The most important and obvious imagery is the painful remembrance of slavery in American history. The novelist works to create a lucid recreation of slavery as it really occurred. The slaves live lives that are defined by suffering and horror, and their thirst for freedom is worsened by their sense of dread and doom. They want freedom and life, but what they get instead is pain, abuse, domination, rape, assault, and dehumanization. The imagery is worth remembering because it really happened. It is hard to believe humans could be capable of such behavior, but it wasn't even that long ago that the American majority supported slavery.

Family and legacy

The imagery of family becomes a kind of resistance. The mother hopes that a new life could be possible for her children, although she accepts her fate, understanding that perhaps she will never find the restoration that she desires. This raises within her an abstract understanding of family that verges on legacy. How can she establish for herself a legacy that outlives her own mortal coil? She can raise powerful children and pray that a better future befall them.

Duality

The imagery of duality is plain throughout the novel. There is a famous verse in Paul's epistle to the Galatians: "There is in Christ neither Jew nor Greek, neither slave nor free, neither male nor female." Well, in the history of the American South, there certainly are those dualities. Not only are there slaves and freemen, but the slave owners actively work to make life as hellish as possible for the slaves. The prose underscores other dualities as well; light and dark, day and night, male and female. The imagery of duality also applies to time; there are two versions of time depicted, the immediate daily passage of real time, and the timeless, eternal kind of time that Clora hopes to enter upon her death.
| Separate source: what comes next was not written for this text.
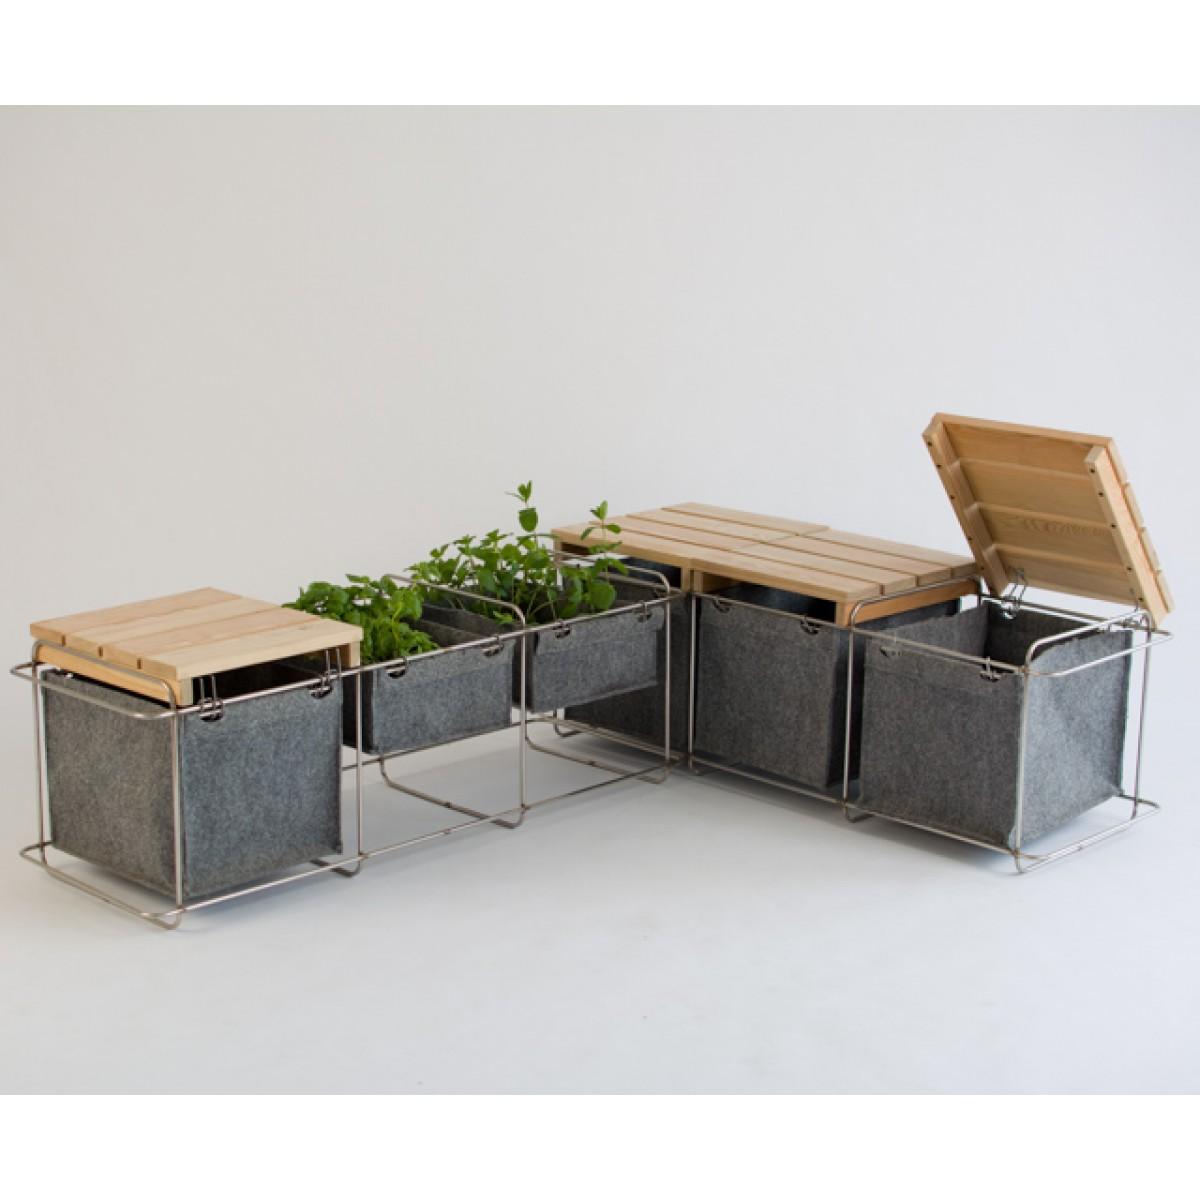 bartmann berlin bank grit gartenm bel. Black Bedroom Furniture Sets. Home Design Ideas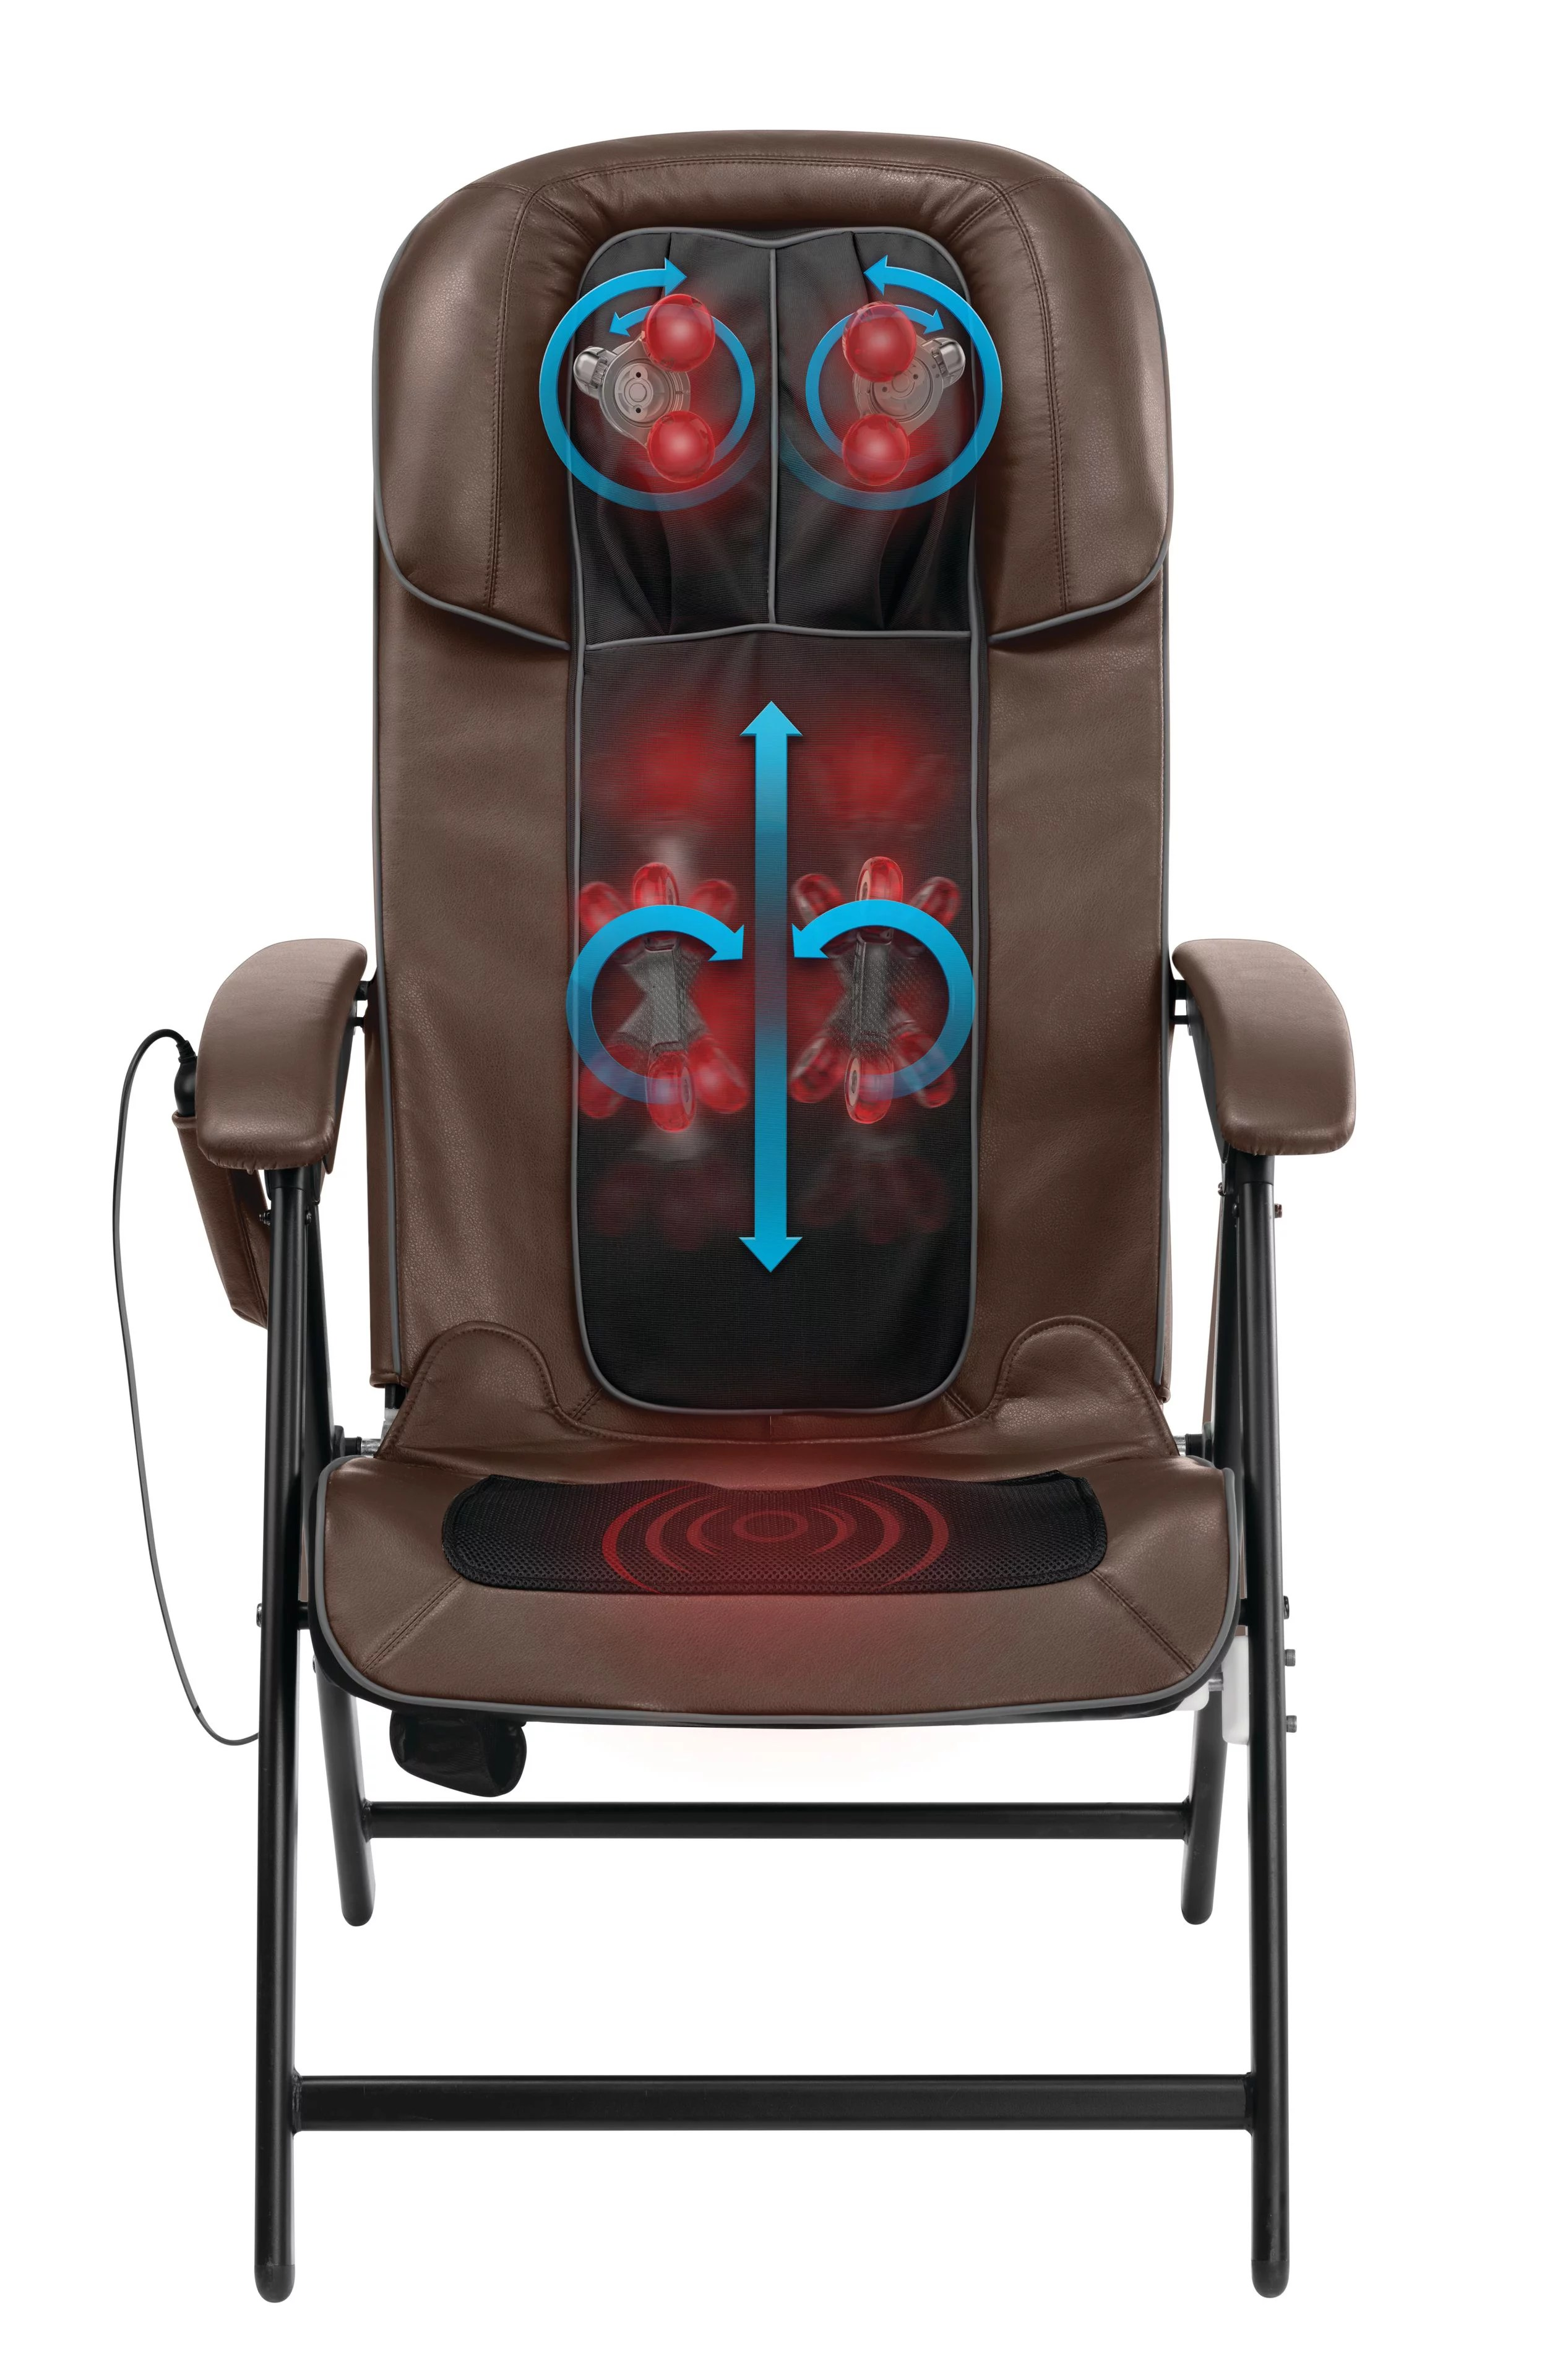 back massage chair graco doll high set homedics easy lounge shiatsu folding mcs 1210h walmart com

Eternal life and redemption

Clora hopes for a kind of life that exists outside the physical reality of this realm. Her desire for a transcendental reality stems from her life of real suffering which makes her chronically wishful that death might bring some kind of redemption. She hopes that at least her children might have better futures than her own so that the mystery of life within her own family might be redeemed on the earth. This constitutes religious imagery for her, and her suicide is paired with a sense of religious martyrdom.